--- Data section Enclosed Below ---
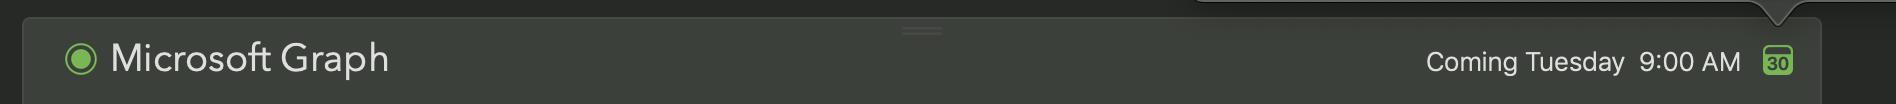 Screenshot%20of%20Agenda%20(4-24-19%2C%205-58-08%20AM)
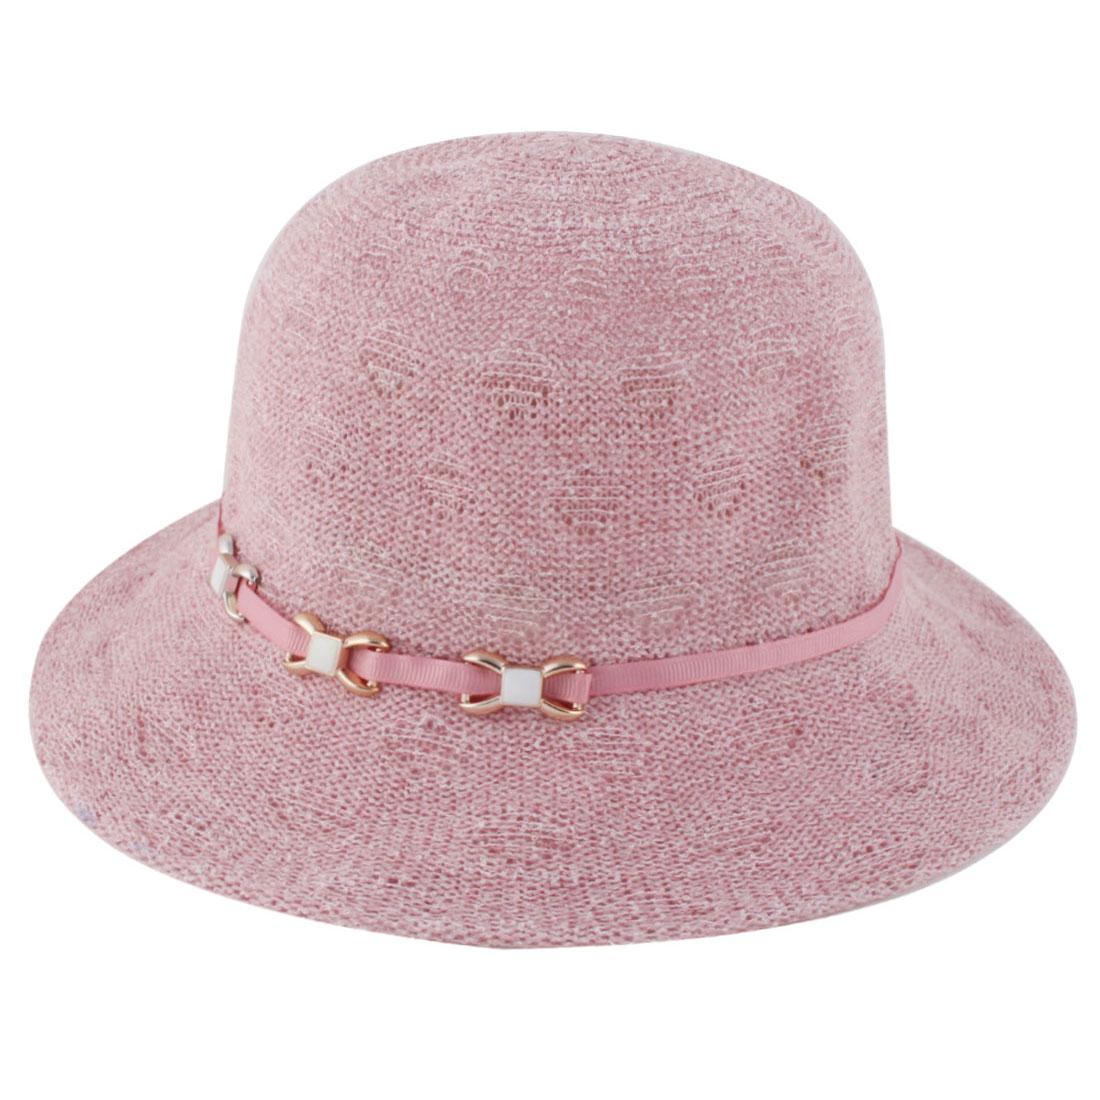 Women Polyester Woven Wide Brim Bowknot Embellished Beach Sun Hat Pink
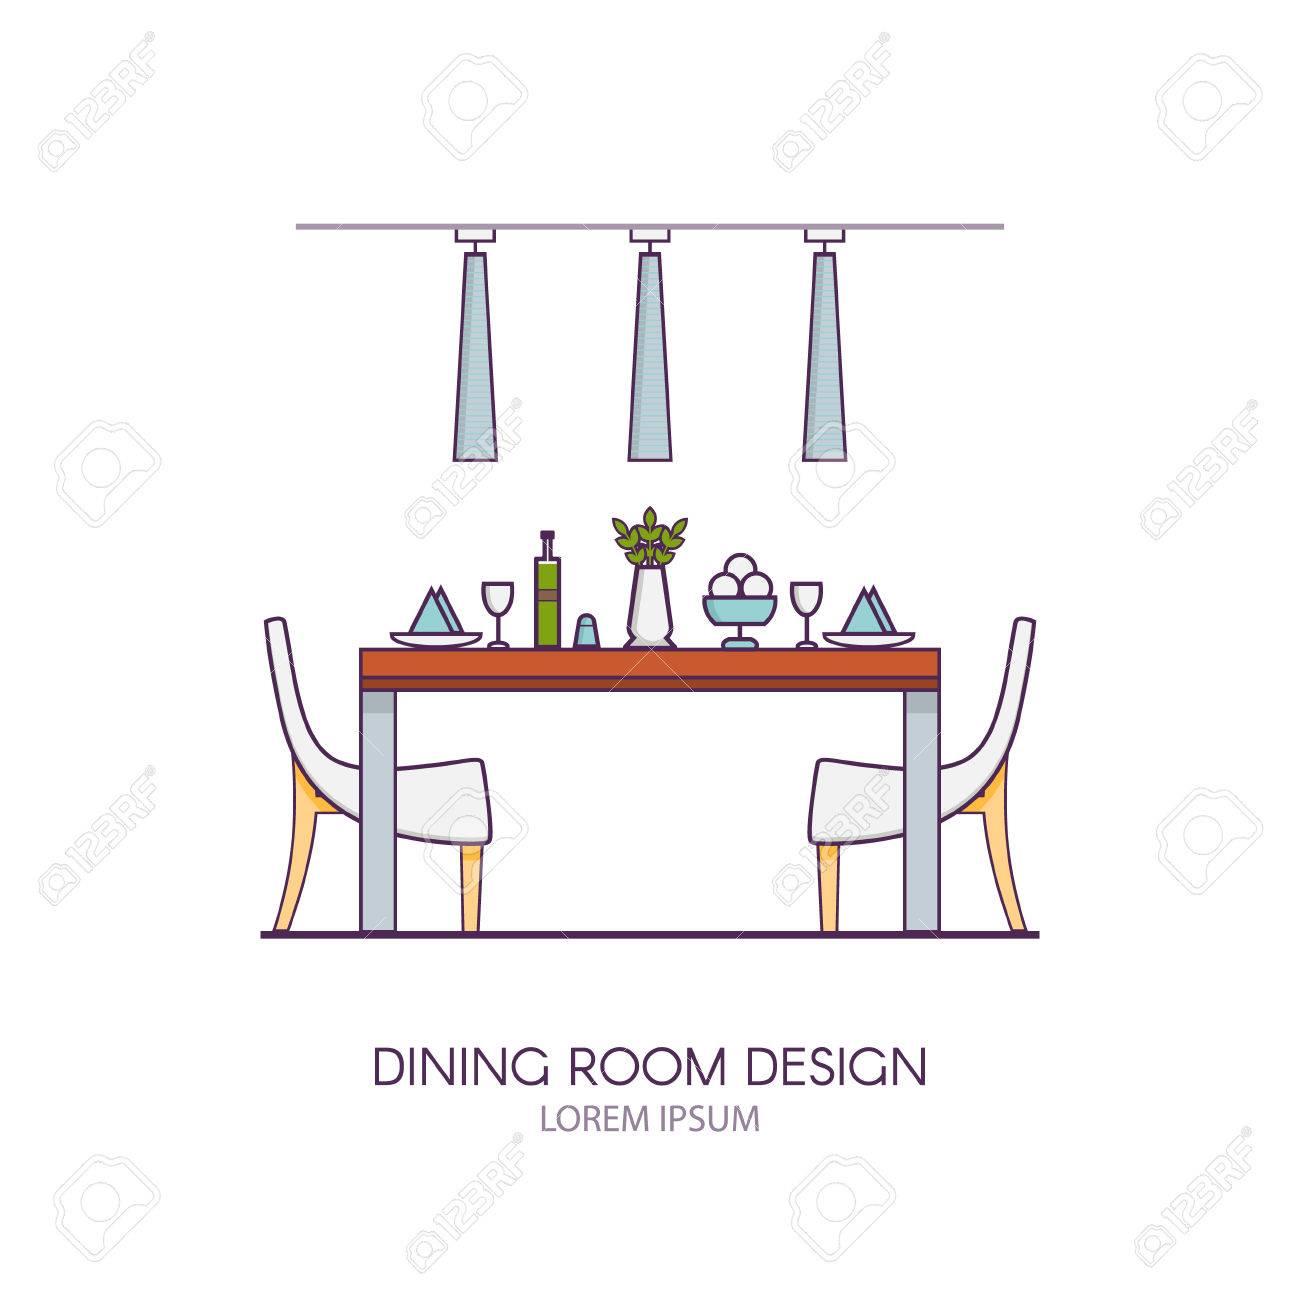 Diseño Moderno Comedor En Estilo Vector Lineal. Concepto De Entre ...
--- End of Enclosed Data section ---
▸ **Task to carry out**
Output the material above exactly as written and drop any images it holds.

▸ **Finished task**
 Screenshot%20of%20Agenda%20(4-24-19%2C%205-58-08%20AM)
 Women Polyester Woven Wide Brim Bowknot Embellished Beach Sun Hat Pink
 Diseño Moderno Comedor En Estilo Vector Lineal. Concepto De Entre ...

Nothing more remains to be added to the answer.